Eurotrip 2012 – London (Day 3)

Today was our earliest day thus far. We wanted to get an early start so we could best the crowds to the Portobello Market, a farmers/flea market on the outskirts of London. It was really a cool place, kind of like First Mondays at Canton, but more hipster and cool (because it’s in London, duh!). There were a lot of vintage clothing booths, tables with trinkets, and people trying to get us to buy things. Ali and I eventually settled on a table selling vintage scarves for £1 each, which was legit. We each got two, and they are adorable and versatile–I plan on use one as a table clothe for a bedside table in my future apartment. We weren’t able to check out the food section because it wasn’t open yet and we needed to get back on track. We had a very structured schedule today that had to be adhered to.

So, after the market, we zipped to the Wallace Collection to see a painting that Snigdha wanted to see or her fellow Art Majors would shame her. The collection was inside an old mansion owned my Mr. Wallace, whom I assume was either royalty or royally rich, but I can’t confirm either because I skipped that part of the exhibit.
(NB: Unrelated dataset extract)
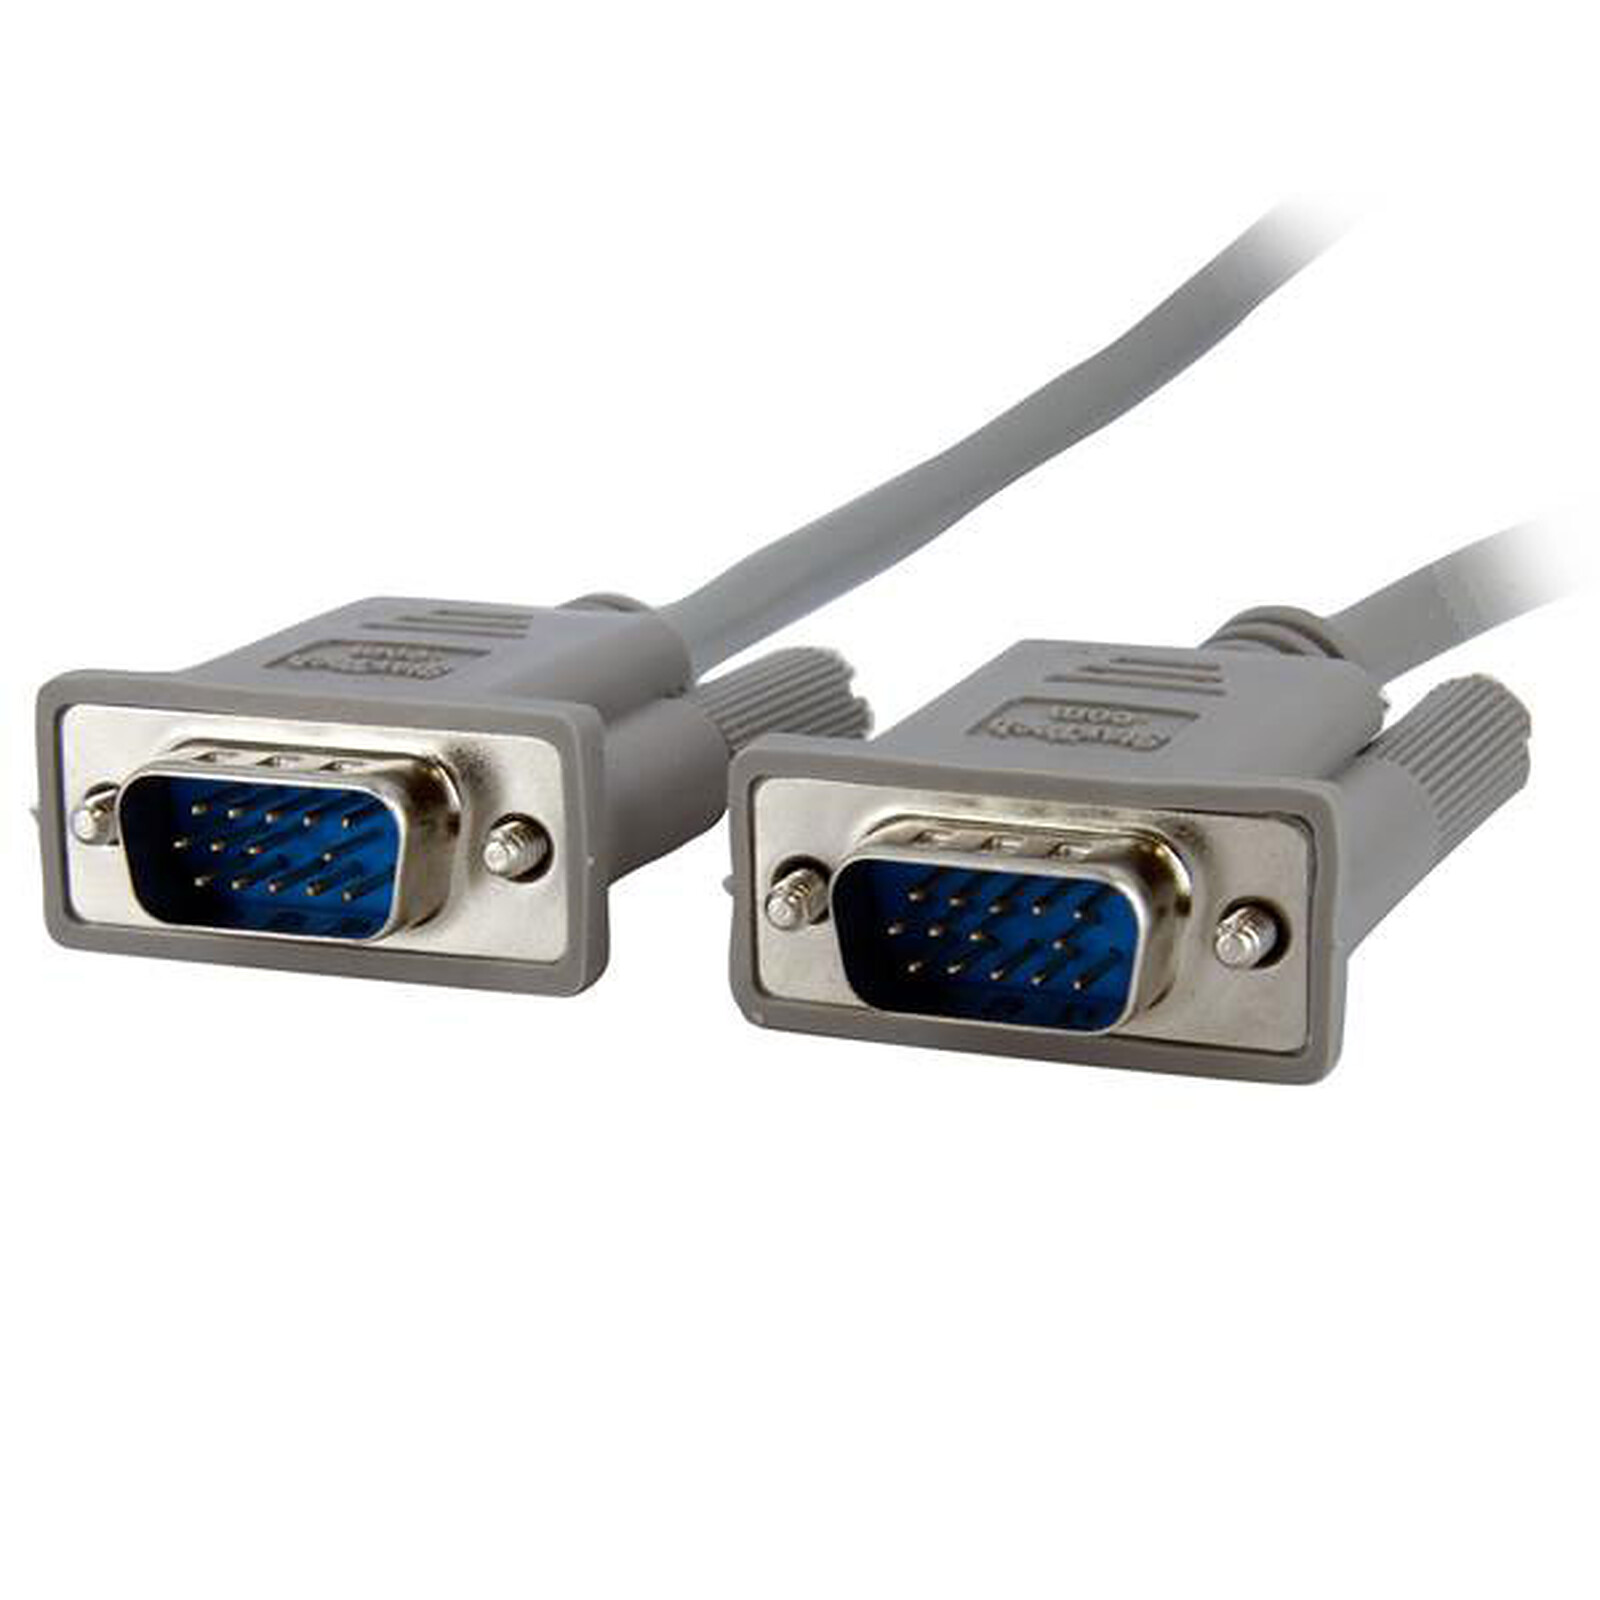 Cable VGA HD macho / macho (20 m) - VGA - LDLC

It was a really fancy house, though, and left me wondering how people could ever manage to visit every one of their multitude of rooms on a regular basis. I feel like they’d have to hire people to merely meander through their house to keep dust from settling on the very expensive decor. If that position exists and needs filling, you can find my resume on this site. I’m available at your earliest convenience…

Lunch was had at a Mediterranean cafe on the corner near our flat. That meal is now ranked on the Top 3 Best Meals I’ve Had In London list. I had a delicious sandwich with Lebanese bread, grilled veggies, humus, and more yumminess inside. We had a bit of time to spare, so we walked a few blocks from our flat to Gordon Square to visit the homes of the famous Bloomsbury Group, including Virginia and Leonard Wolfe, Maynard Keynes, and Lytton Strachey, and, by visit, I mean walk by. This may not seem that cool, but Ali and I studied Bloomsbury last fall (in a course entitled The Social and Intellectual History of Europe from 1780-Today) and I’ve been fascinated by it. Basically, a bunch of rockin’ intellectuals all lived in the same area and hung out together and theorized and relished in their own creative self expressions–and slept with each other, too.

Then, we took to The Tube and headed toward The Globe to get in line for the matinee of Shakespeare’s Anthony & Cleopatra (we were able to nab tickets in the standing yard yesterday, which was lucky because every other show was sold out). Thank goodness we got there early! The line outside ended up winding around the circular walls, but we were some of the firsts. That’s how we ended up watching the show front row, which here means with my elbows perched on the planks of the stage. The show was performed in Turkish by a Turkish theater company as part of their current series “Globe Around The Globe”, which features a different play by a different company in a different language every night. Although it was in a foreign language, it was wonderful (Old English is basically a foreign language anyway)! And, I got to pretend I was a peasant watching a show back in the renaissance…and see Shakespeare performed at The Globe for goodness sake! All in all, it was a great experience.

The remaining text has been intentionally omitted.